The acidic microenvironment surrounding cancer cells contains specific types of proteins which might modify the composition of the protein corona around NPs, resulting in a change in bioavailability, as well as alteration of the interactions between the NPs and membranes of macrophages, endothelial cells, and target cells, and the overall therapeutic response [68]. The protein–NP interaction influences opsonization, circulation half-life, and cellular uptake. The protein corona can be characterized by total quantity, density, thickness, composition, relative abundance of each protein, protein binding affinity, and protein conformation. Complement factors, fibrinogen, or immunoglobulin (IgG), which are known as opsonins, would induce macrophage recognition and engulfment of NPs, leading to the fast clearance of NPs out of the body. In contrast, albumin or apolipoproteins (Apos), named dysopsonins, could extend the circulation time of the NPs [69,70,71,72]. This suggests that drug-loaded CA, CMCA, and α-KAMCA NPs are less likely to be cleared out by the reticuloendothelial system and, thus, would have an increased half-life in plasma, which can be further supported by the pharmacokinetics study of NP-treated mice. The α-KAMCA NPs resulted in higher DOX concentrations in blood serum than CA and CMCA NPs, demonstrating their long circulating characteristics due to the presence of dysopsonins on their protein corona. The size of α-KAMCA NPs ranging from 230 nm to 360 nm reduced the probability of reticuloendothelial system (RES) uptake via opsonization, resulting in a prolonged circulation time for the drug. The long circulation property of α-KAMCA NPs further enhanced DOX accumulation in the tumor, supported by the notion that NPs could enter into tumors through an EPR effect.

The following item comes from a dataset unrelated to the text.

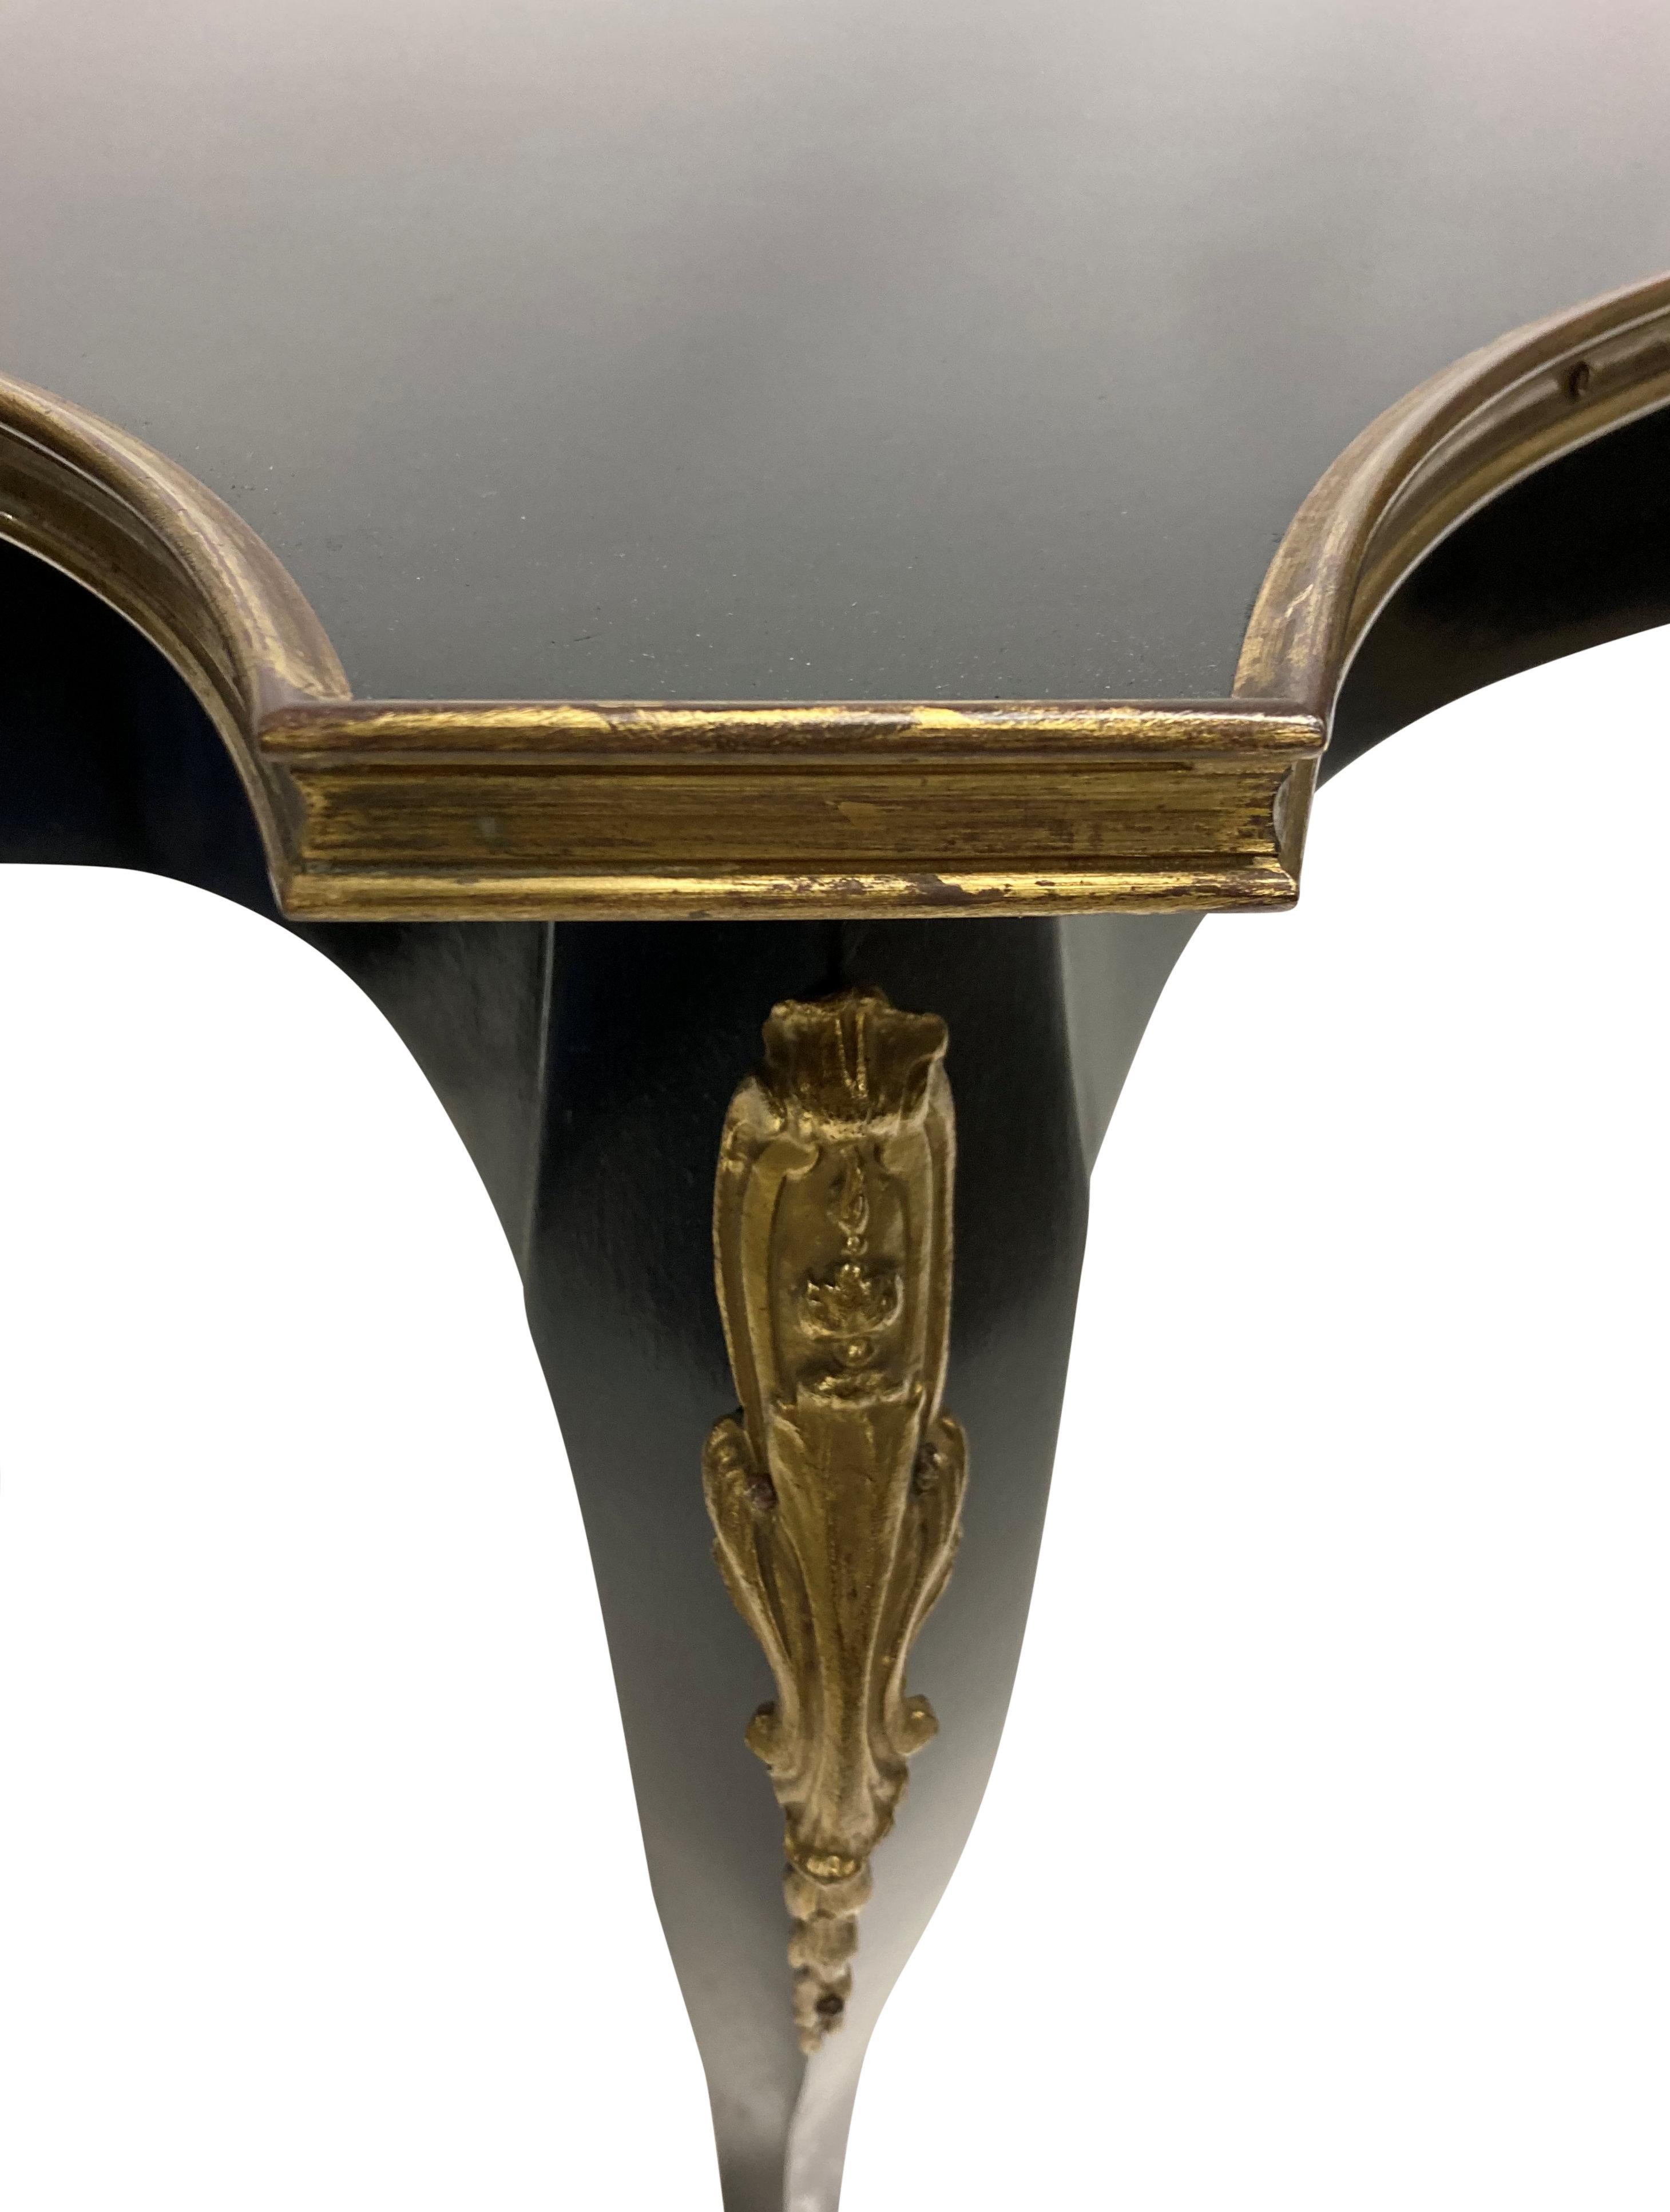 A French black lacquered Louis XV style occasional table with gilt bronze mounts and an inset glass top.

However, there are some limitations to using DOX fluorescence as a measure of concentration due to its self-quenching or the pH sensitivity of excitation or emission spectra [73], which was carefully taken care of during our experiment and data interpretation. Firstly, as our NPs are pH-sensitive, the pH of the lysis buffer was strictly maintained at 7.4 during the experiment to maintain consistency. Secondly, in our previous study, we used visualization by confocal microscopy to observe cellular uptake, as well as a cell viability test using different DOX-loaded NPs to correlate between the cellular uptake and cytotoxicity [28]. Considering all results, we found DOX as a potential model drug to measure fluorescence intensity in different organs and plasma to measure the concentration of free DOX and DOX-loaded NPs.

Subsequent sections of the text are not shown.